=== About this exercise ===
Pictures in the listing below are skipped, while the lines from the "5 Oxygen analyzers" line through the "A police officer" line are returned word for word.

··· Excerpted records

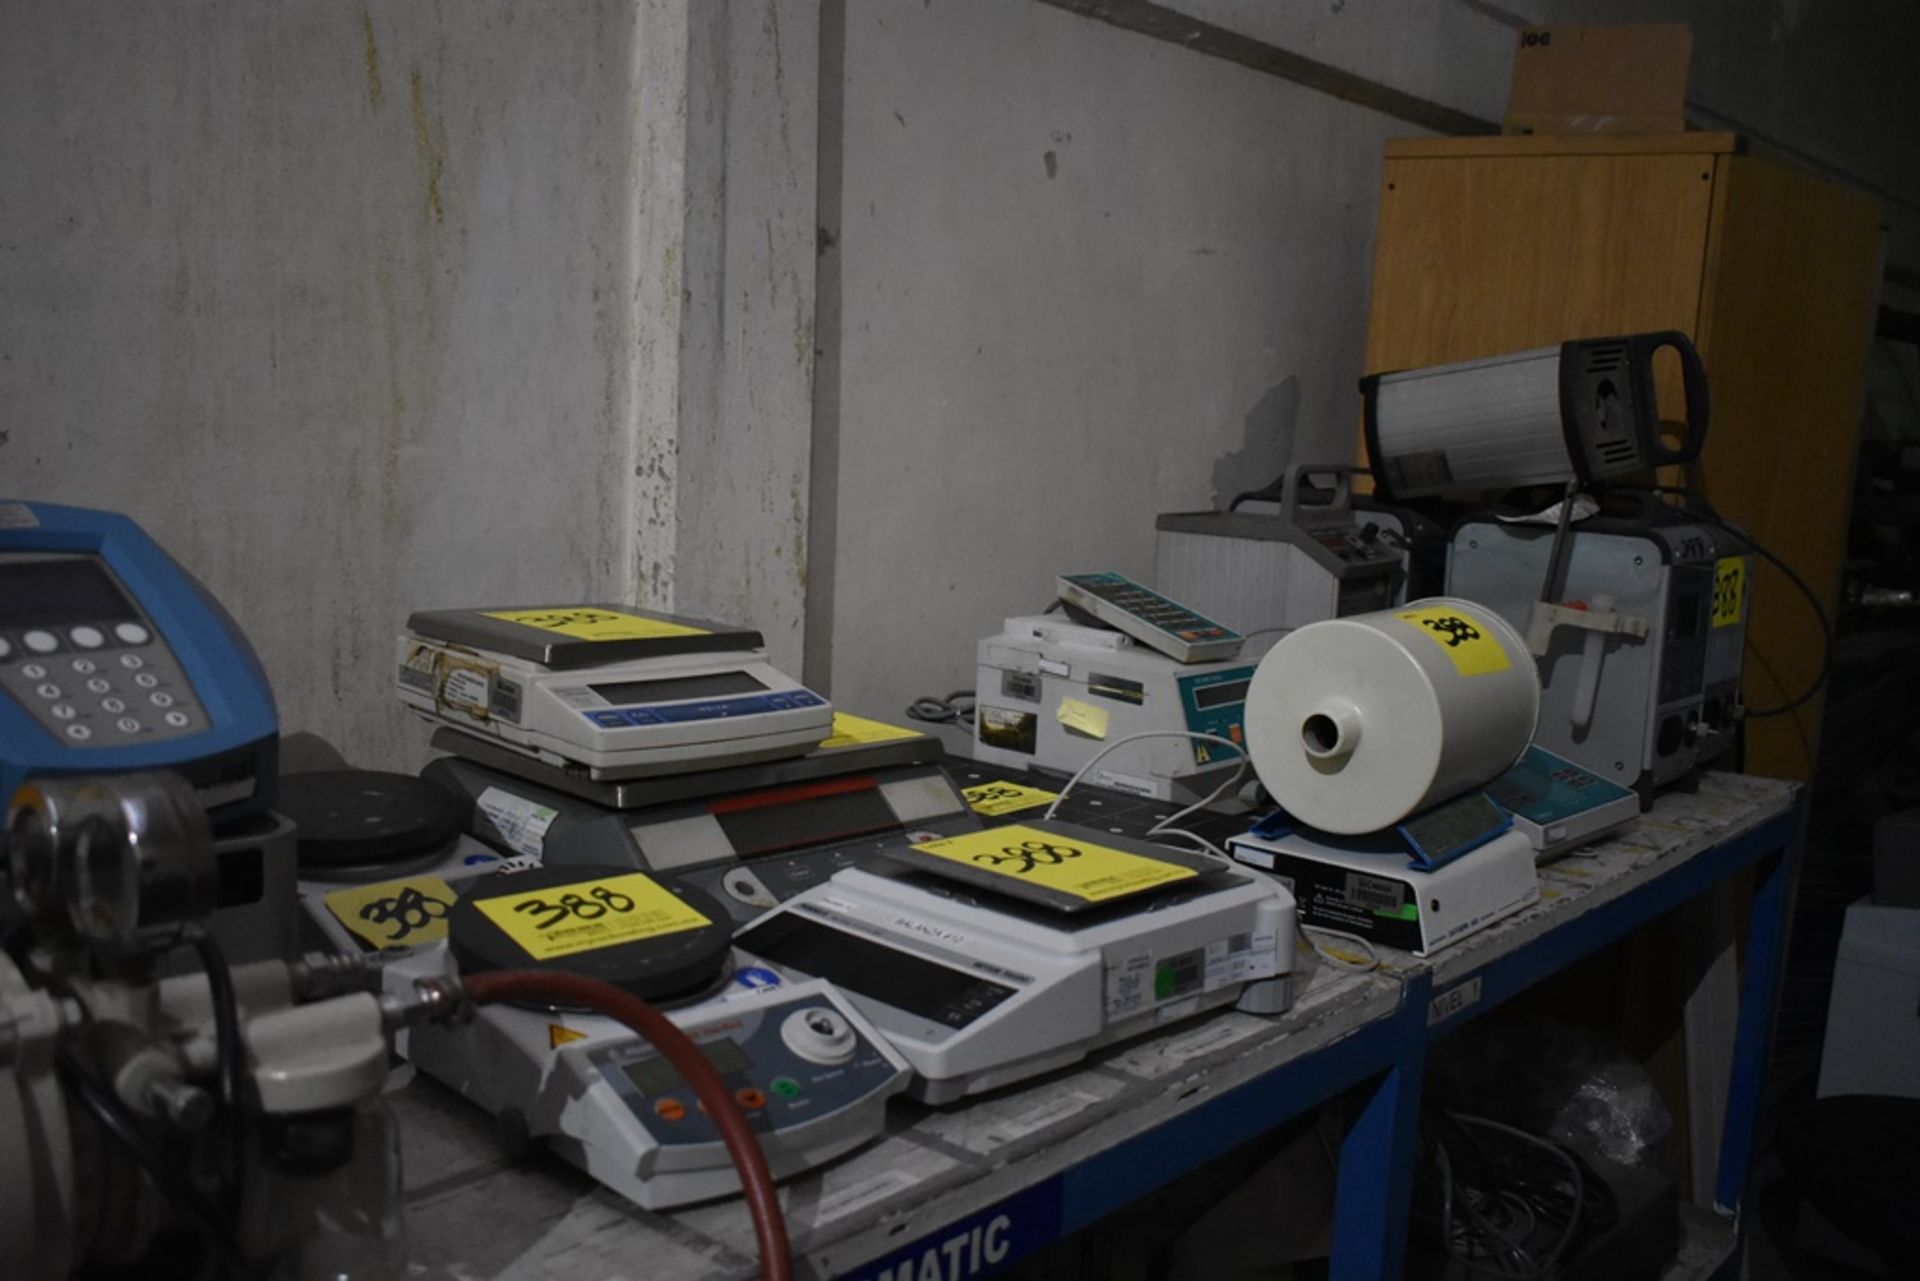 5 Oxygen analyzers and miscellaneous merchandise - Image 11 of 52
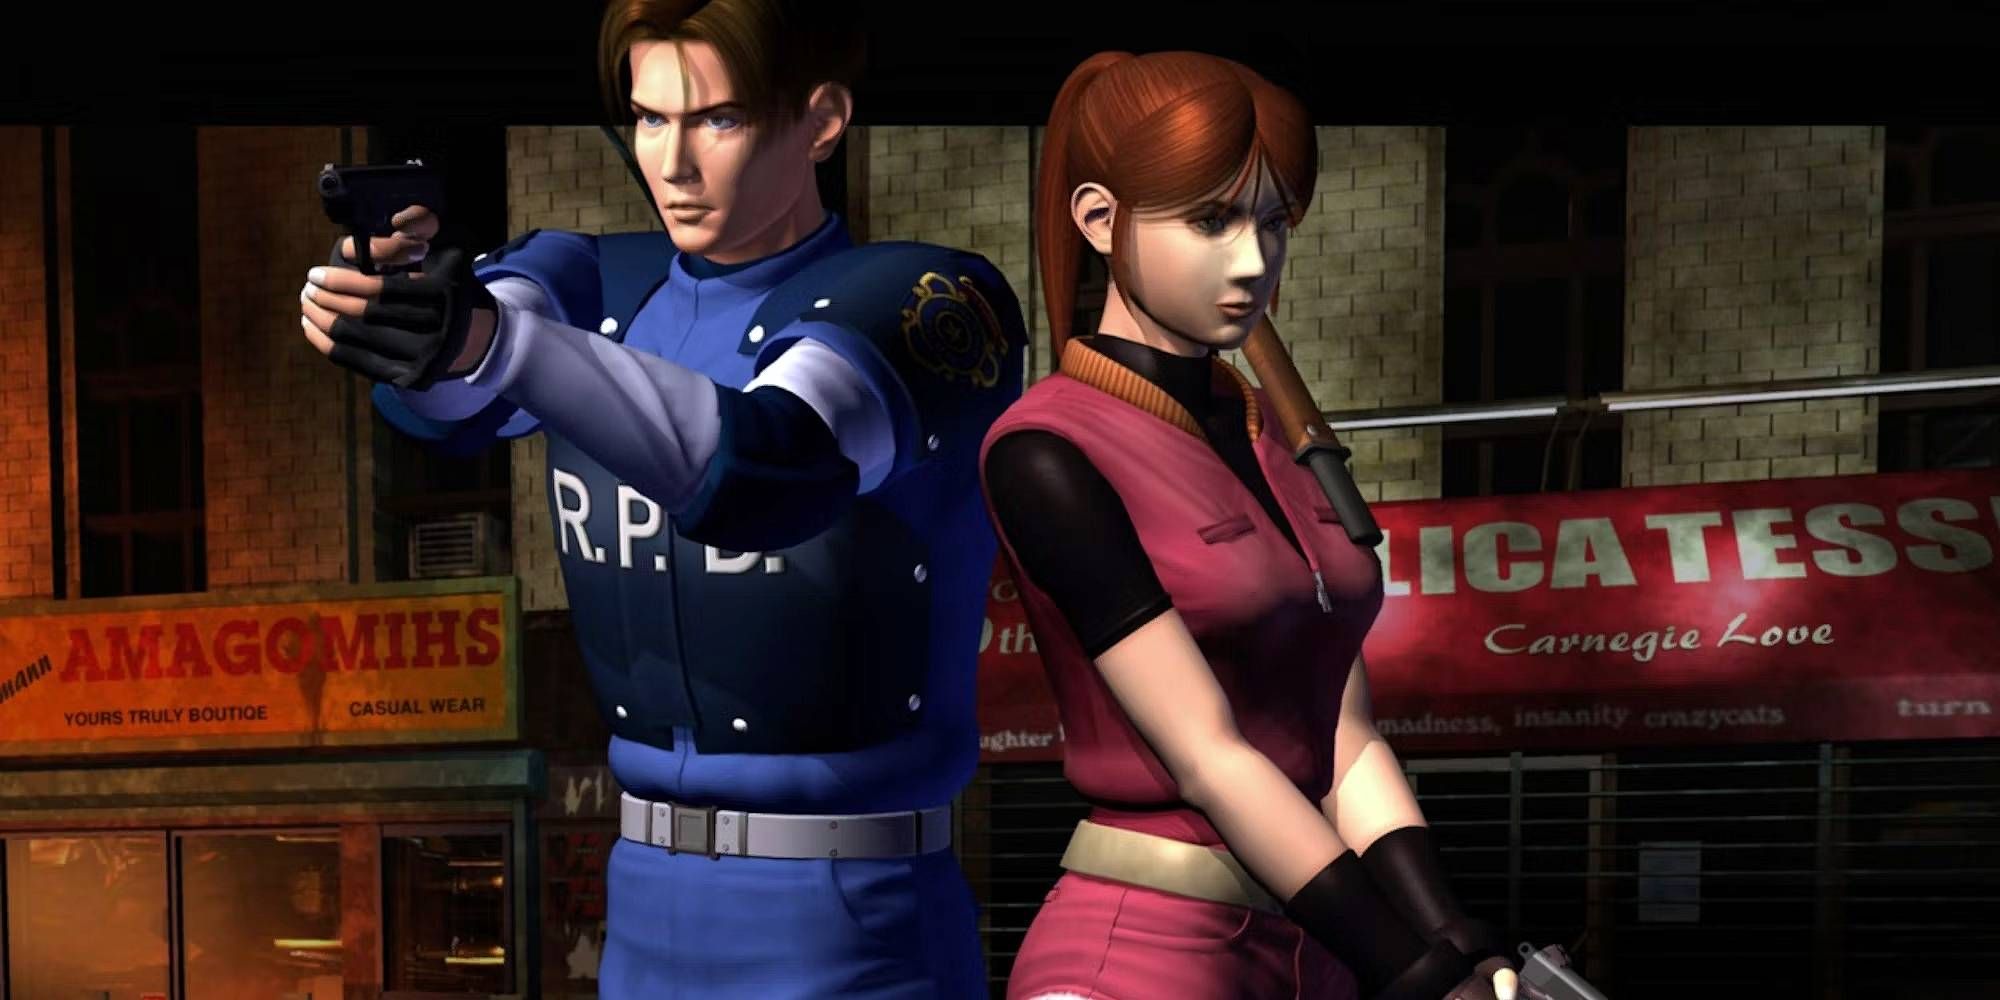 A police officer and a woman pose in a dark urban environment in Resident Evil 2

······
··· Excerpted records

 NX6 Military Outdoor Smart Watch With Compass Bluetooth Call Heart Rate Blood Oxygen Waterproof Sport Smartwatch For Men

······
··· Excerpted records

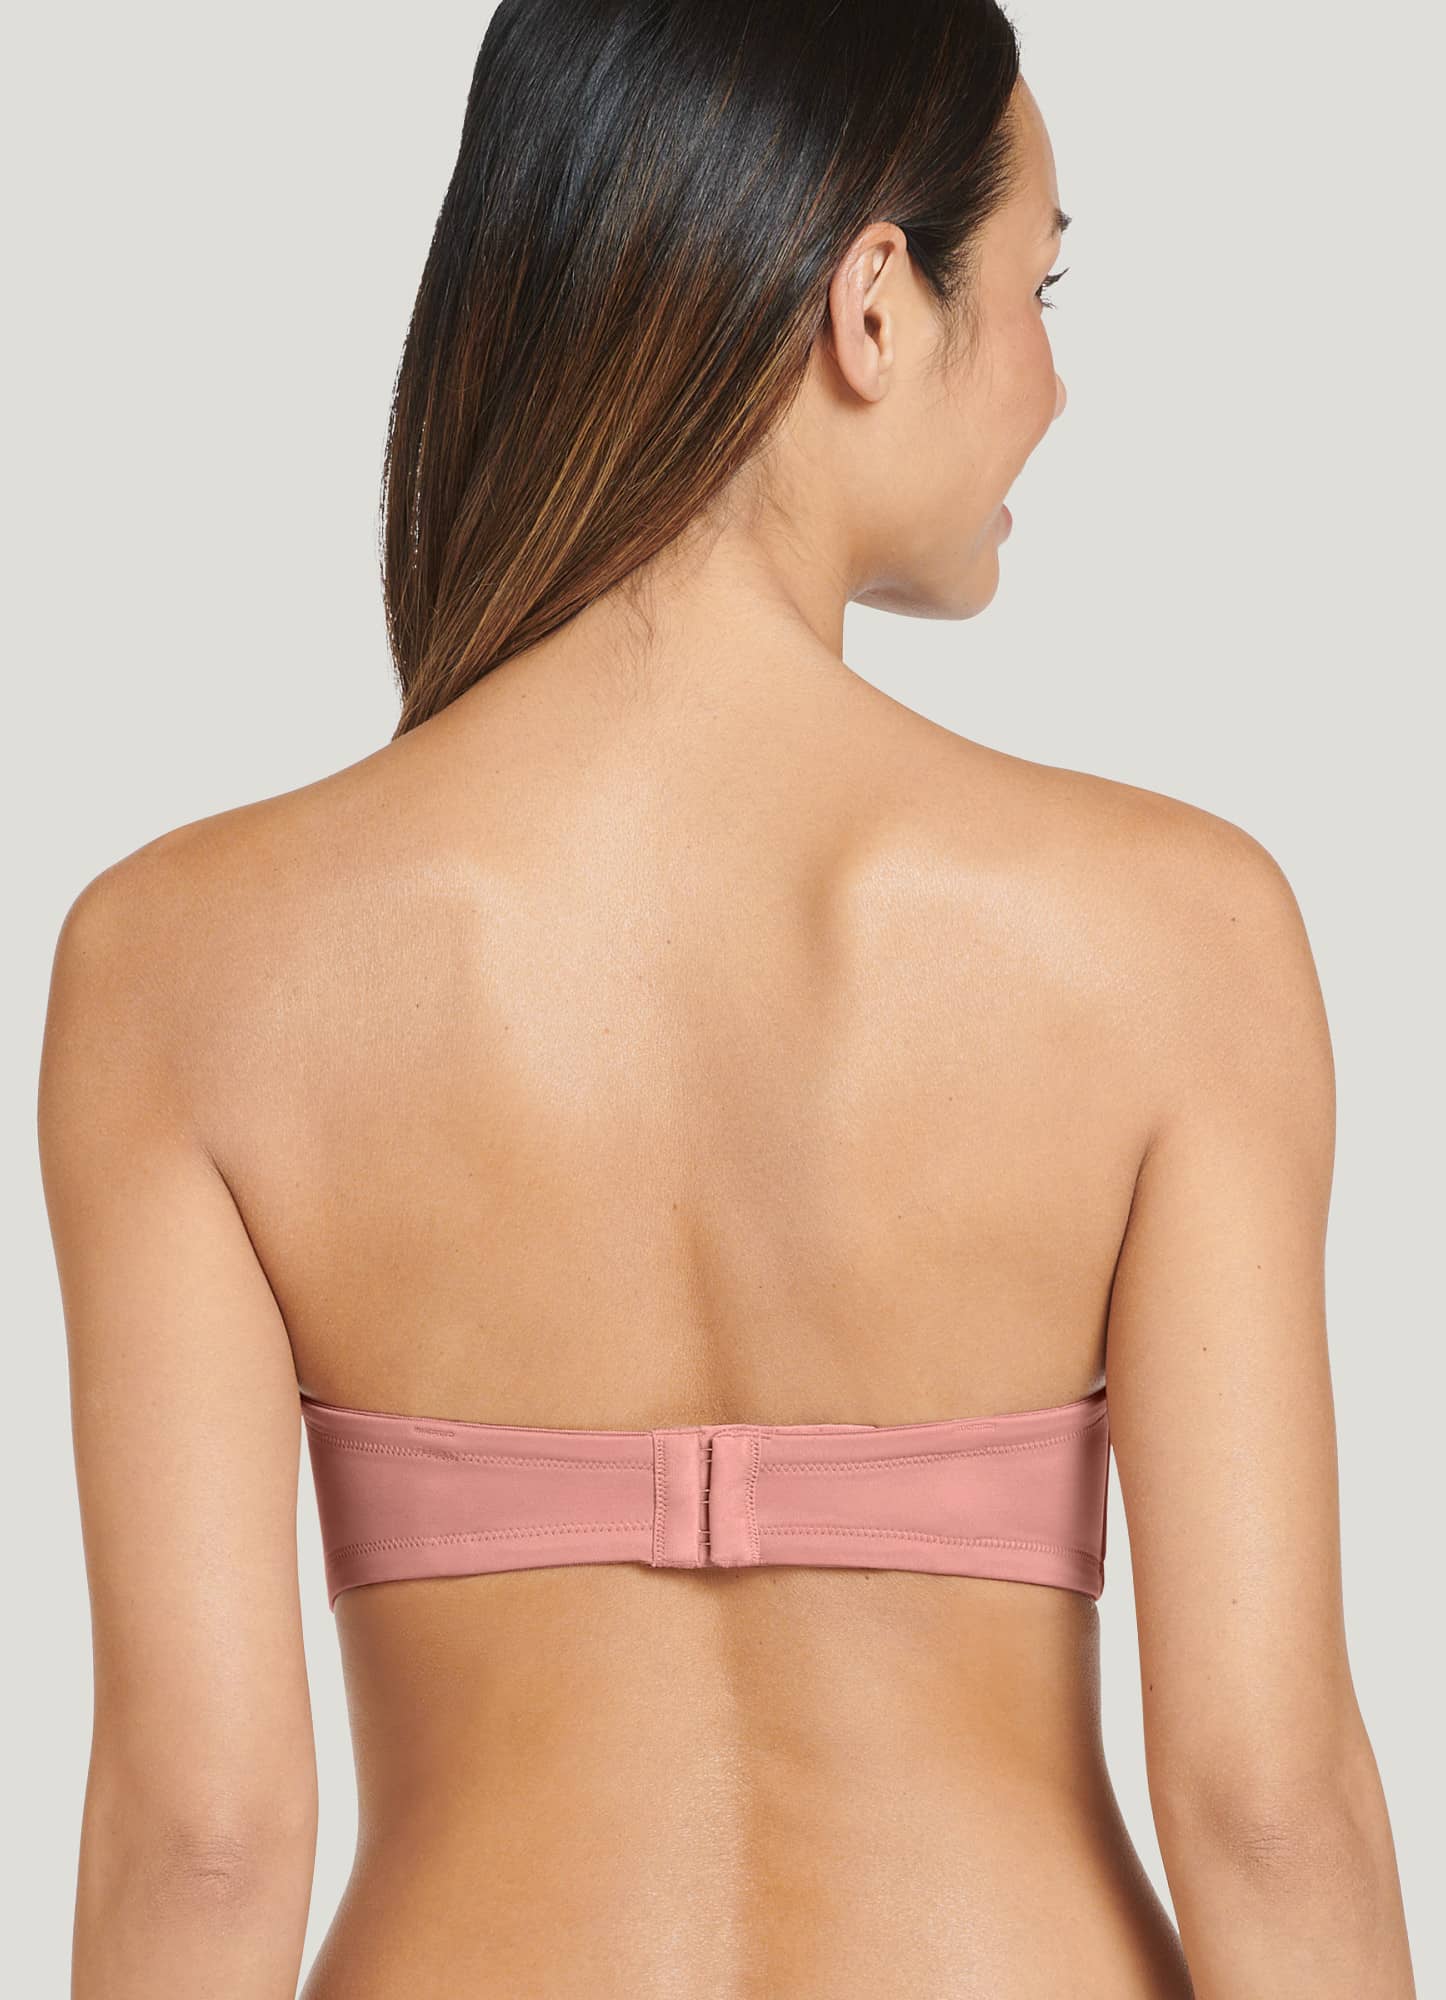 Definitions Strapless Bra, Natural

······

=== Answer below ===
 5 Oxygen analyzers and miscellaneous merchandise - Image 11 of 52
 A police officer and a woman pose in a dark urban environment in Resident Evil 2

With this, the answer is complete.